Cost of service revenue consists primarily of the cost of healthcare service packages purchased from third party healthcare service providers to fulfill contracts with customers.

Cost of product revenue consists primarily of the cost of healthcare products purchased from suppliers. Cost of product revenue is recognized when the product has been delivered to the customer.

Income taxes

L. Income taxes

The Company follows FASB ASC Section 740, Income Taxes, which requires the recognition of deferred tax assets and liabilities for the expected future tax consequences of events that have been included in the financial statements or tax returns. Under this method, deferred income taxes are recognized for the tax consequences in future years of differences between the tax bases of assets and liabilities and their financial reporting amounts at each period end based on enacted tax laws and statutory tax rates applicable to the periods in which the differences are expected to affect taxable income. Valuation allowances are established, when necessary, to reduce deferred tax assets to the amount expected to be realized.

ASC 740-10-30 requires income tax positions to meet a more-likely-than-not recognition threshold to be recognized in the financial statements. Under ASC 740-10-30, tax positions that previously failed to meet the more-likely-than-not threshold should be recognized in the first subsequent financial reporting period in which that threshold is met.
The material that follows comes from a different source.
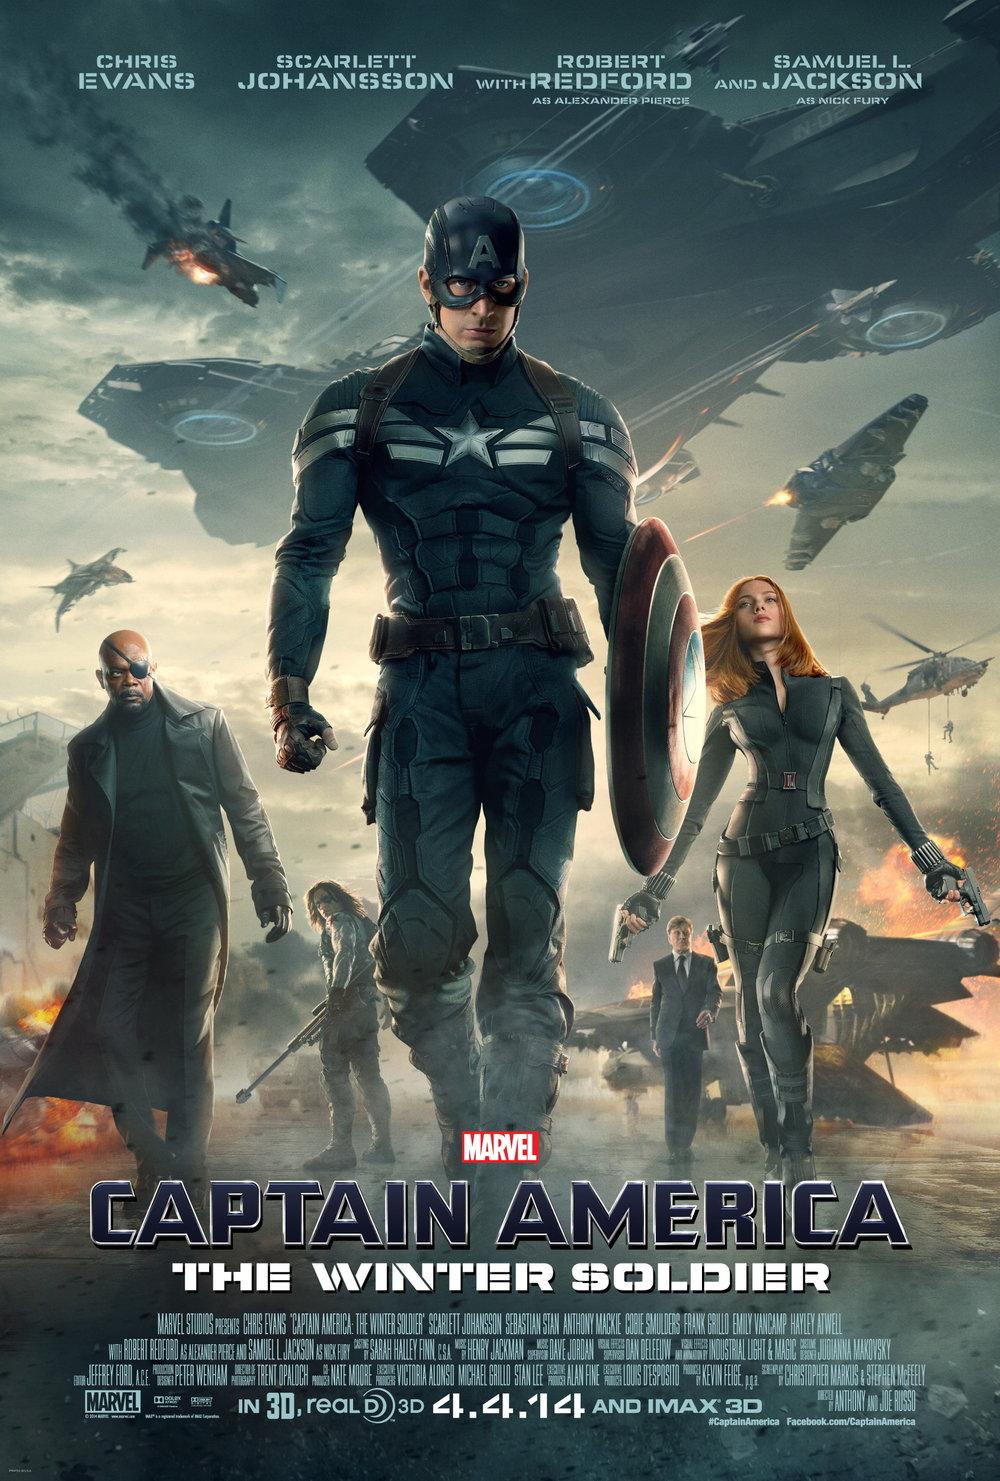 captain-america-the-winter-soldier-movie-poster-marvel-cinematic-1038896.jpg

The application of tax laws and regulations is subject to legal and factual interpretation, judgment and uncertainty. Tax laws and regulations themselves are subject to change as a result of changes in fiscal policy, changes in legislation, the evolution of regulations and court rulings. Therefore, the actual liability may be materially different from our estimates, which could result in the need to record additional tax liabilities or potentially reverse previously recorded tax liabilities or the deferred tax asset valuation allowance.

As a result of the implementation of ASC 740-10, the Company made a comprehensive review of its portfolio of tax positions in accordance with recognition standards established by ASC 740-10. The Company recognized no material adjustments to liabilities or shareholder’s equity as a result of the implementation.

Earnings (loss) per share

M. Earnings (loss) per share

The Company computes earnings (loss) per share (“EPS”) in accordance with ASC 260, Earnings Per Share. ASC 260 requires companies with complex capital structures to present basic and diluted EPS. Basic EPS is measured as net income (loss) divided by the weighted average common shares outstanding during the period.

Diluted EPS is similar to basic EPS but presents the dilutive effect on a per share basis of contracts to issue common shares (e.g., convertible securities, options and warrants) as if they had been converted at the beginning of the periods presented, or issuance date, if later. The computation of diluted EPS includes the estimated impact of the exercise of contracts to purchase common stock using the treasury stock method and the potential shares of converted common stock associated with the convertible debt using the if-converted method. Potential common shares that have an anti-dilutive effect (i.e., those that increase earnings per share or decrease loss per share) are excluded from the calculation of diluted EPS. 

Recently adopted accounting pronouncements

N. Recently adopted accounting pronouncements

We do not believe that any recently issued but not yet effective accounting standards, if currently adopted, would have a material effect on the Company’s consolidated financial position, statements of operations and cash flows.